Ce que personne n'avait prévu, c'est l'impact à long terme sur l'organisme.
Les premières générations vont connaître un bien-être apparent. Mais à mesure que les doses se seront accumulées et que le sérum sera devenu omniprésent, les effets secondaires commenceront à apparaître. Les cellules du corps humain, sous l'effet prolongé du sérum, subissent une dégradation progressive. Les neurones, privés d'une stimulation naturelle par les hormones inhibées, deviennent plus vulnérables. Le vieillissement est accéléré. Les capacités cognitives diminuent plus rapidement. Mais ce n'est pas tout.
Les tests que nous avons menés démontrent une baisse dramatique de l'espérance de vie sur les prochaines générations. Les enfants nés de parents sous l'influence du sérum, eux-mêmes nés sous cette influence.
J'ai eu beau en parler à mes collaborateurs qui sont bien trop abrutis par mon propre sérum. L'unique question qu'ils se posent est la suivante : vivre peu, mais intelligemment ou longtemps, mais sans réussite ? Ma réponse ne leur a pas plu, vous pensez bien. Me voilà discrédité et mis à la porte de mon propre laboratoire.

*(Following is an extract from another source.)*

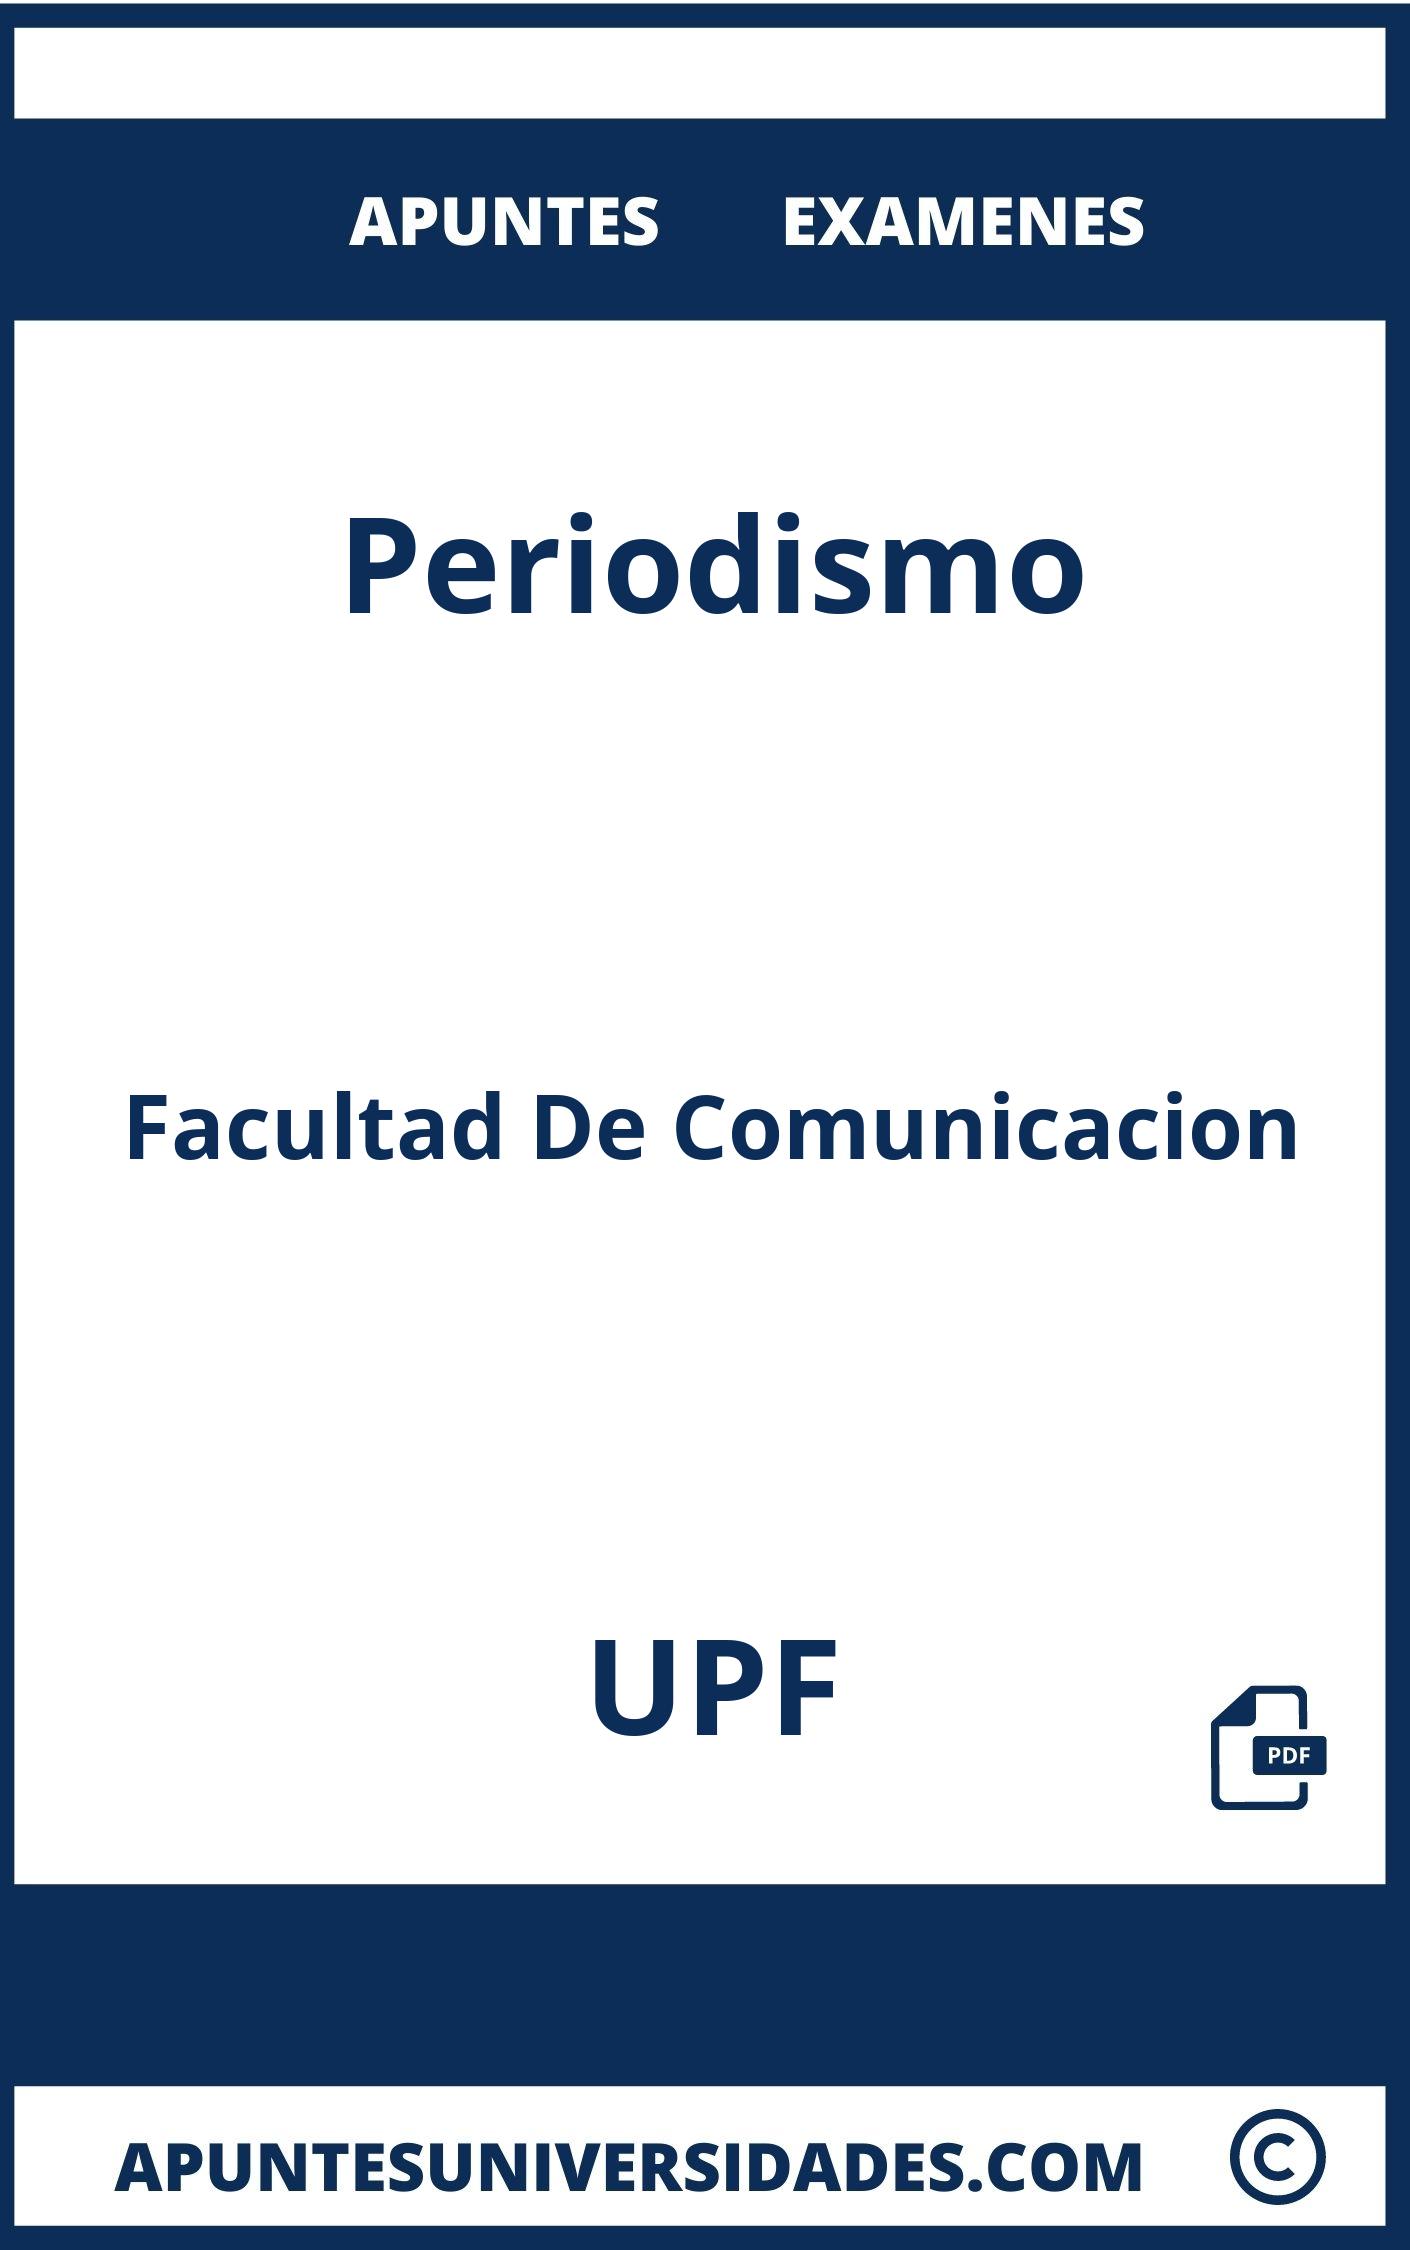 Apuntes y Examenes Periodismo UPF

Je consacrerai ma vie à essayer de renverser ma création, mais je suis devenu un paria. Même au sein de ma propre famille, je ne suis plus qu'un fou qui radote. Mon épouse m'a quitté, attirée par des ambitions plus grandes, des rêves dopés au sérum. Elle est partie, me laissant seul avec un enfant à élever. Ironiquement, cet enfant que j'ai tenté de protéger à tout prix devra prendre ma suite.
Journal de David Weis
Plus de labo, plus de femme, plus le moindre pouvoir, j'ai créé une forme subtile de destruction lente. Le sérum prépare un futur où les êtres humains seront déconnectés les uns des autres, privés de ce qui les rendait vivants.
Je lis et relis ce journal dans l'espoir de trouver un fil conducteur, une solution. Mais je n'en vois pas, ce sera à mon fils de reprendre ce fardeau.